# Windows 10 (10122) Versus AMD APU Computers



## flavallee (May 12, 2002)

Windows 10 recently had an upgrade from 10074 to 10122.

It was quickly discovered that the upgrade has an issue with computers that have AMD APU processor/graphics.

It's been suggested you remain with version 10074 for now.

------------------------------------------------------------


----------



## flavallee (May 12, 2002)

It looks like Microsoft has resolved the issue with version 10122. :up:

http://betanews.com/2015/05/22/wind...ixed-new-release-now-safe-for-all-to-install/

----------------------------------------------------------


----------



## storage_man (Nov 6, 2003)

I received the 10122 update yesterday. It did install correctly on my AMD Laptop (took 2.5 hrs which included download). 

So far only 2 items ran ok under 10074, but not now. 1- Logon screen splashes a picture of a river w/date & time, but doesn't light up the finger print reader, but the reader does work. 2- Pressing the start button, takes you to the start menu, but it nolonger displays your installed apps. You now have to hit a menu button located at the top left of the screen to get it to display. 

Your mileage may vary !


----------



## flavallee (May 12, 2002)

I pin my frequently-used and installed programs in the taskbar for quick access.

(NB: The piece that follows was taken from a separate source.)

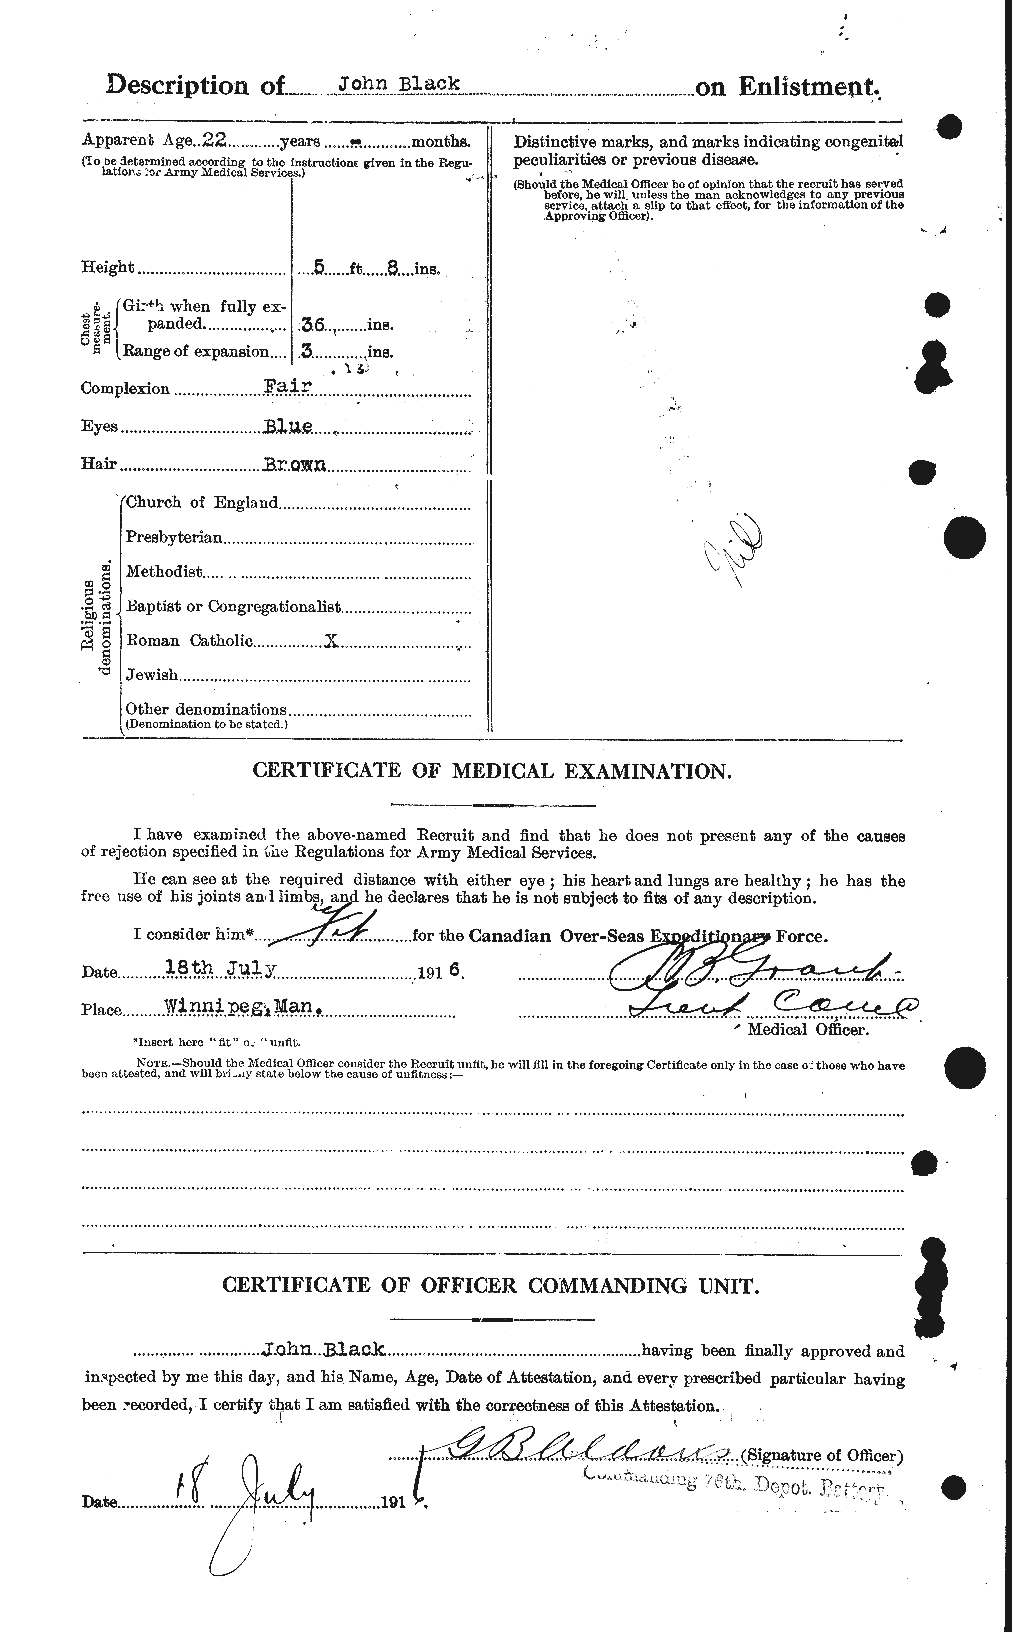 Personnel Records of the First World War - CEF 246899b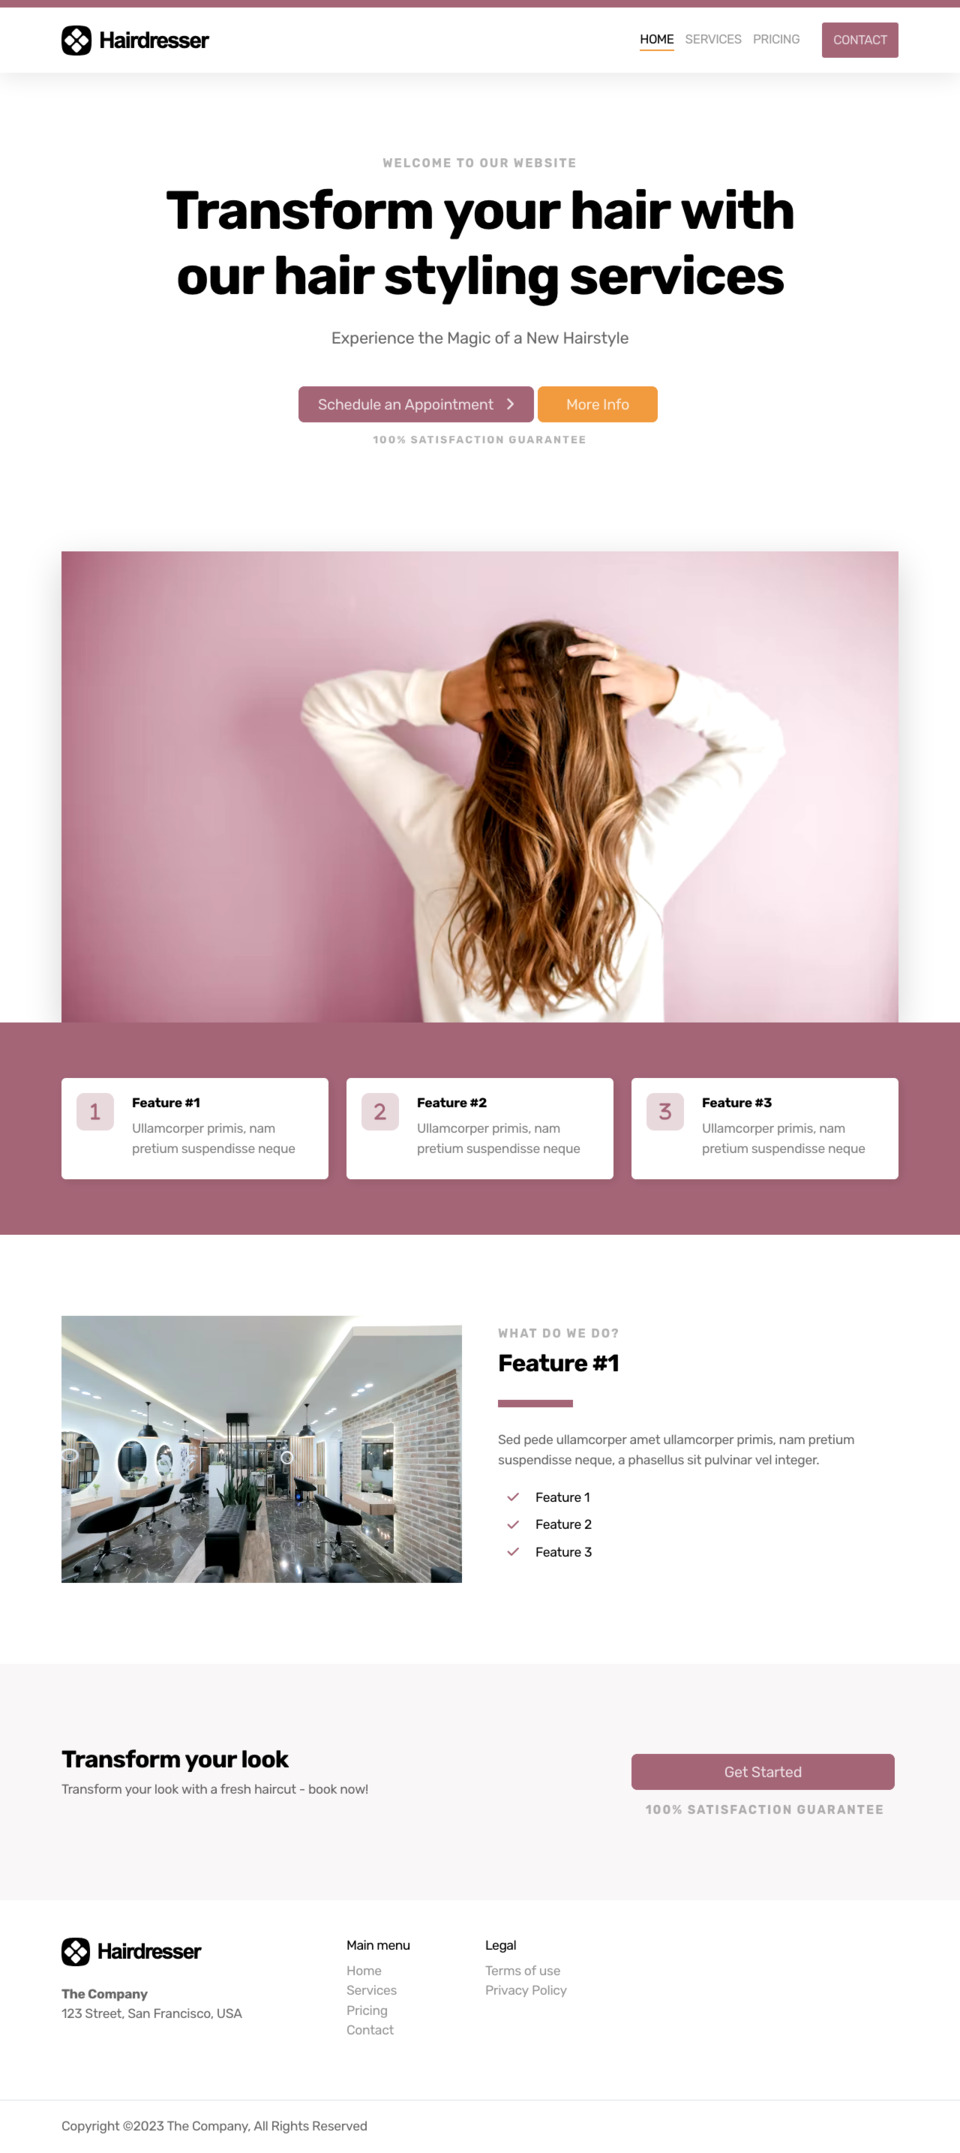 Hair Dresser Website Template - Hair salons, barbers, beauticians, beauty salons, and professional hairstylists

Version 10125 is supposedly out, but Microsoft hasn't released an ISO download for it yet.

--------------------------------------------------------


----------



## storage_man (Nov 6, 2003)

I do pin most used stuff, but just saying 10074 gave you an initial list (you could expand it), but like settings will require another mouse stroke.

Maybe some body can answer this issue ?

It made no difference on my system with win every ver of wind 10, when asking to dismount a USB drive (etc), it has always came back with "The drive is busy - cannot dismount". With Win 8.1 no problem, Win 7 no problem. Could be an issue !


----------



## flavallee (May 12, 2002)

The final version isn't due to be released until late summer or fall, and I'm sure a number of bugs will still need to be worked out, so I don't plan on upgrading to it until after the holidays.

I wiped it out over the weekend and reinstalled Windows 7, so it's no longer available to refer to.

-----------------------------------------------------------


----------